WHAT IS NEEDED — The records that follow must be transcribed exactly, each one in full.

RECORD EXTRACTS —
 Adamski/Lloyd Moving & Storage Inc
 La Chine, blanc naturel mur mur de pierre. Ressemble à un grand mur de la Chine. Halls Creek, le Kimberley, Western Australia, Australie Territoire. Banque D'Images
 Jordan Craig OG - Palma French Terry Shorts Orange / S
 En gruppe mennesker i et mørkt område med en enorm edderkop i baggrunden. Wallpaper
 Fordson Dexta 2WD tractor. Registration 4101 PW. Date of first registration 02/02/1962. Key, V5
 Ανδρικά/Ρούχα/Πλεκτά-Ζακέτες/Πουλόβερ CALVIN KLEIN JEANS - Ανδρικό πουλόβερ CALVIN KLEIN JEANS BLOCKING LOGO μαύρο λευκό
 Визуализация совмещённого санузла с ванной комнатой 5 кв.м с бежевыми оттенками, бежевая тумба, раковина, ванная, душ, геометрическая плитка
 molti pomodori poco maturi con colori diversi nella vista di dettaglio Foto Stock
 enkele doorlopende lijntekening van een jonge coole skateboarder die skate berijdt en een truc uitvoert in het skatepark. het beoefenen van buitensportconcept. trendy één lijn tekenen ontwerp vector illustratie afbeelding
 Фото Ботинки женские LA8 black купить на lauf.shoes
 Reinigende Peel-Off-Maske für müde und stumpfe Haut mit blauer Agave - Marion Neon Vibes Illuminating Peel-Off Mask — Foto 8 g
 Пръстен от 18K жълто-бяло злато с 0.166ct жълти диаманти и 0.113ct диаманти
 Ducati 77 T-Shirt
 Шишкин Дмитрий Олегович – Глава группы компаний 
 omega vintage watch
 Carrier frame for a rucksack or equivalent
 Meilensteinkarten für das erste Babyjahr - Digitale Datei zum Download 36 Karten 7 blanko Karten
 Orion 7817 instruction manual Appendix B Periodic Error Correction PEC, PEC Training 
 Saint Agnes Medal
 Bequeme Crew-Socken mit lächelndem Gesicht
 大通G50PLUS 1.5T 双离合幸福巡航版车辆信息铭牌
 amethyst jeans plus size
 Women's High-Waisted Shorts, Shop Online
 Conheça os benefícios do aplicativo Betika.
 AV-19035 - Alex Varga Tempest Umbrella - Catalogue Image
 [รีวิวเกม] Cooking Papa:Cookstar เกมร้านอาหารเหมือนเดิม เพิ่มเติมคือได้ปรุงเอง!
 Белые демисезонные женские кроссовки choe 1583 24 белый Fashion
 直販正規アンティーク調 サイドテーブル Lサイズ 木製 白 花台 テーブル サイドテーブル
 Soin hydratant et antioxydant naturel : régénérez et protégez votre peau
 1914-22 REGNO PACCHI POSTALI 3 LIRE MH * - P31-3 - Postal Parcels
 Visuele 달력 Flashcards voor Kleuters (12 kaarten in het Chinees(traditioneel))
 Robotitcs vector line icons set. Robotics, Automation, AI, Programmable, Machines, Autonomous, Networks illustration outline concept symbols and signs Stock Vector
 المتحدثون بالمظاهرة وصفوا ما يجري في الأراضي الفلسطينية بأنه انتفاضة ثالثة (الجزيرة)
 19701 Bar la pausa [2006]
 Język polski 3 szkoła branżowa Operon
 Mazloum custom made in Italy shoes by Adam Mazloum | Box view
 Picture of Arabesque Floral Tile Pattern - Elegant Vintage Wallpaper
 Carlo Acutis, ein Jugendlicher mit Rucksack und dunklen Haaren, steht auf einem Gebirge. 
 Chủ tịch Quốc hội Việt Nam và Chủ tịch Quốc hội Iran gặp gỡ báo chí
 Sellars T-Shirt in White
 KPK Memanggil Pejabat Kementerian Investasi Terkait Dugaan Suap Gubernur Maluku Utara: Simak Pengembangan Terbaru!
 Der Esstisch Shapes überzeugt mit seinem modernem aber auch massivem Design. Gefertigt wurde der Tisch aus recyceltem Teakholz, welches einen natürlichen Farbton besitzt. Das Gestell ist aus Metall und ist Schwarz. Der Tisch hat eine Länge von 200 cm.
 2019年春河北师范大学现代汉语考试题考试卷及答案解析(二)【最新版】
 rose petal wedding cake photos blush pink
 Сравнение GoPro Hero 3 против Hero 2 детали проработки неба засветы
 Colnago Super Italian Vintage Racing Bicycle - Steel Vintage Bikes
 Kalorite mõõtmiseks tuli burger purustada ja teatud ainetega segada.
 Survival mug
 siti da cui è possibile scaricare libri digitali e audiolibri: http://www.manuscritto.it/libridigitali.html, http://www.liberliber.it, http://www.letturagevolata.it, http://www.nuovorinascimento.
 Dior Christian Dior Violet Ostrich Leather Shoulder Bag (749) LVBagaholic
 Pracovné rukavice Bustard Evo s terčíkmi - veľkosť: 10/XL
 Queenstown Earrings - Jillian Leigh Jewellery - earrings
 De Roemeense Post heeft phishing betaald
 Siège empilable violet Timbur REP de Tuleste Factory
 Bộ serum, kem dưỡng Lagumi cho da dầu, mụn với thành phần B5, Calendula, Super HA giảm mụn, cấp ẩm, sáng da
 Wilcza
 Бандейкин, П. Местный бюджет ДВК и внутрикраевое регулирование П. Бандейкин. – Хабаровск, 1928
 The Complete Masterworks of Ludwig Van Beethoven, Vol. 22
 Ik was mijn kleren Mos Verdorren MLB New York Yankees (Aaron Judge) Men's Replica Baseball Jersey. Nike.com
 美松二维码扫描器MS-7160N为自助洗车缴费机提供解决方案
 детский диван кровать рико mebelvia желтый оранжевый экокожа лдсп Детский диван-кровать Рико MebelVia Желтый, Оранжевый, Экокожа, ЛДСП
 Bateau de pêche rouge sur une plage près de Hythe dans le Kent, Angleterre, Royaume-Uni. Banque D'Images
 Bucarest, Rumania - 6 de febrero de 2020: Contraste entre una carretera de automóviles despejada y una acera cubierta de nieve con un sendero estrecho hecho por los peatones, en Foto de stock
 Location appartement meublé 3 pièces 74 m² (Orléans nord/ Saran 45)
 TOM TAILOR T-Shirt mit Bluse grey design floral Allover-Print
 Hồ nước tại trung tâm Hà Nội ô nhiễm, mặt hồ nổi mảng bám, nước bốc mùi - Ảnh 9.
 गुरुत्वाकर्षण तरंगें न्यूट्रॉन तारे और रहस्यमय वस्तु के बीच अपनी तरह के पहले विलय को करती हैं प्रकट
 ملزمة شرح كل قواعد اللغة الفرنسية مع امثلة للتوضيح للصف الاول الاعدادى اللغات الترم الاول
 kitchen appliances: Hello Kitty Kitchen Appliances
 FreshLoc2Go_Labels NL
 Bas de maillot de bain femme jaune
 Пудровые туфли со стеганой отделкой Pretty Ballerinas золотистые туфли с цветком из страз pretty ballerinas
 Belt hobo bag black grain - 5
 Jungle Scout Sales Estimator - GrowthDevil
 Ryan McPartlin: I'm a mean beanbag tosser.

WRITTEN RESPONSE —
 Adamski/Lloyd Moving & Storage Inc
 La Chine, blanc naturel mur mur de pierre. Ressemble à un grand mur de la Chine. Halls Creek, le Kimberley, Western Australia, Australie Territoire. Banque D'Images
 Jordan Craig OG - Palma French Terry Shorts Orange / S
 En gruppe mennesker i et mørkt område med en enorm edderkop i baggrunden. Wallpaper
 Fordson Dexta 2WD tractor. Registration 4101 PW. Date of first registration 02/02/1962. Key, V5
 Ανδρικά/Ρούχα/Πλεκτά-Ζακέτες/Πουλόβερ CALVIN KLEIN JEANS - Ανδρικό πουλόβερ CALVIN KLEIN JEANS BLOCKING LOGO μαύρο λευκό
 Визуализация совмещённого санузла с ванной комнатой 5 кв.м с бежевыми оттенками, бежевая тумба, раковина, ванная, душ, геометрическая плитка
 molti pomodori poco maturi con colori diversi nella vista di dettaglio Foto Stock
 enkele doorlopende lijntekening van een jonge coole skateboarder die skate berijdt en een truc uitvoert in het skatepark. het beoefenen van buitensportconcept. trendy één lijn tekenen ontwerp vector illustratie afbeelding
 Фото Ботинки женские LA8 black купить на lauf.shoes
 Reinigende Peel-Off-Maske für müde und stumpfe Haut mit blauer Agave - Marion Neon Vibes Illuminating Peel-Off Mask — Foto 8 g
 Пръстен от 18K жълто-бяло злато с 0.166ct жълти диаманти и 0.113ct диаманти
 Ducati 77 T-Shirt
 Шишкин Дмитрий Олегович – Глава группы компаний 
 omega vintage watch
 Carrier frame for a rucksack or equivalent
 Meilensteinkarten für das erste Babyjahr - Digitale Datei zum Download 36 Karten 7 blanko Karten
 Orion 7817 instruction manual Appendix B Periodic Error Correction PEC, PEC Training 
 Saint Agnes Medal
 Bequeme Crew-Socken mit lächelndem Gesicht
 大通G50PLUS 1.5T 双离合幸福巡航版车辆信息铭牌
 amethyst jeans plus size
 Women's High-Waisted Shorts, Shop Online
 Conheça os benefícios do aplicativo Betika.
 AV-19035 - Alex Varga Tempest Umbrella - Catalogue Image
 [รีวิวเกม] Cooking Papa:Cookstar เกมร้านอาหารเหมือนเดิม เพิ่มเติมคือได้ปรุงเอง!
 Белые демисезонные женские кроссовки choe 1583 24 белый Fashion
 直販正規アンティーク調 サイドテーブル Lサイズ 木製 白 花台 テーブル サイドテーブル
 Soin hydratant et antioxydant naturel : régénérez et protégez votre peau
 1914-22 REGNO PACCHI POSTALI 3 LIRE MH * - P31-3 - Postal Parcels
 Visuele 달력 Flashcards voor Kleuters (12 kaarten in het Chinees(traditioneel))
 Robotitcs vector line icons set. Robotics, Automation, AI, Programmable, Machines, Autonomous, Networks illustration outline concept symbols and signs Stock Vector
 المتحدثون بالمظاهرة وصفوا ما يجري في الأراضي الفلسطينية بأنه انتفاضة ثالثة (الجزيرة)
 19701 Bar la pausa [2006]
 Język polski 3 szkoła branżowa Operon
 Mazloum custom made in Italy shoes by Adam Mazloum | Box view
 Picture of Arabesque Floral Tile Pattern - Elegant Vintage Wallpaper
 Carlo Acutis, ein Jugendlicher mit Rucksack und dunklen Haaren, steht auf einem Gebirge. 
 Chủ tịch Quốc hội Việt Nam và Chủ tịch Quốc hội Iran gặp gỡ báo chí
 Sellars T-Shirt in White
 KPK Memanggil Pejabat Kementerian Investasi Terkait Dugaan Suap Gubernur Maluku Utara: Simak Pengembangan Terbaru!
 Der Esstisch Shapes überzeugt mit seinem modernem aber auch massivem Design. Gefertigt wurde der Tisch aus recyceltem Teakholz, welches einen natürlichen Farbton besitzt. Das Gestell ist aus Metall und ist Schwarz. Der Tisch hat eine Länge von 200 cm.
 2019年春河北师范大学现代汉语考试题考试卷及答案解析(二)【最新版】
 rose petal wedding cake photos blush pink
 Сравнение GoPro Hero 3 против Hero 2 детали проработки неба засветы
 Colnago Super Italian Vintage Racing Bicycle - Steel Vintage Bikes
 Kalorite mõõtmiseks tuli burger purustada ja teatud ainetega segada.
 Survival mug
 siti da cui è possibile scaricare libri digitali e audiolibri: http://www.manuscritto.it/libridigitali.html, http://www.liberliber.it, http://www.letturagevolata.it, http://www.nuovorinascimento.
 Dior Christian Dior Violet Ostrich Leather Shoulder Bag (749) LVBagaholic
 Pracovné rukavice Bustard Evo s terčíkmi - veľkosť: 10/XL
 Queenstown Earrings - Jillian Leigh Jewellery - earrings
 De Roemeense Post heeft phishing betaald
 Siège empilable violet Timbur REP de Tuleste Factory
 Bộ serum, kem dưỡng Lagumi cho da dầu, mụn với thành phần B5, Calendula, Super HA giảm mụn, cấp ẩm, sáng da
 Wilcza
 Бандейкин, П. Местный бюджет ДВК и внутрикраевое регулирование П. Бандейкин. – Хабаровск, 1928
 The Complete Masterworks of Ludwig Van Beethoven, Vol. 22
 Ik was mijn kleren Mos Verdorren MLB New York Yankees (Aaron Judge) Men's Replica Baseball Jersey. Nike.com
 美松二维码扫描器MS-7160N为自助洗车缴费机提供解决方案
 детский диван кровать рико mebelvia желтый оранжевый экокожа лдсп Детский диван-кровать Рико MebelVia Желтый, Оранжевый, Экокожа, ЛДСП
 Bateau de pêche rouge sur une plage près de Hythe dans le Kent, Angleterre, Royaume-Uni. Banque D'Images
 Bucarest, Rumania - 6 de febrero de 2020: Contraste entre una carretera de automóviles despejada y una acera cubierta de nieve con un sendero estrecho hecho por los peatones, en Foto de stock
 Location appartement meublé 3 pièces 74 m² (Orléans nord/ Saran 45)
 TOM TAILOR T-Shirt mit Bluse grey design floral Allover-Print
 Hồ nước tại trung tâm Hà Nội ô nhiễm, mặt hồ nổi mảng bám, nước bốc mùi - Ảnh 9.
 गुरुत्वाकर्षण तरंगें न्यूट्रॉन तारे और रहस्यमय वस्तु के बीच अपनी तरह के पहले विलय को करती हैं प्रकट
 ملزمة شرح كل قواعد اللغة الفرنسية مع امثلة للتوضيح للصف الاول الاعدادى اللغات الترم الاول
 kitchen appliances: Hello Kitty Kitchen Appliances
 FreshLoc2Go_Labels NL
 Bas de maillot de bain femme jaune
 Пудровые туфли со стеганой отделкой Pretty Ballerinas золотистые туфли с цветком из страз pretty ballerinas
 Belt hobo bag black grain - 5
 Jungle Scout Sales Estimator - GrowthDevil
 Ryan McPartlin: I'm a mean beanbag tosser.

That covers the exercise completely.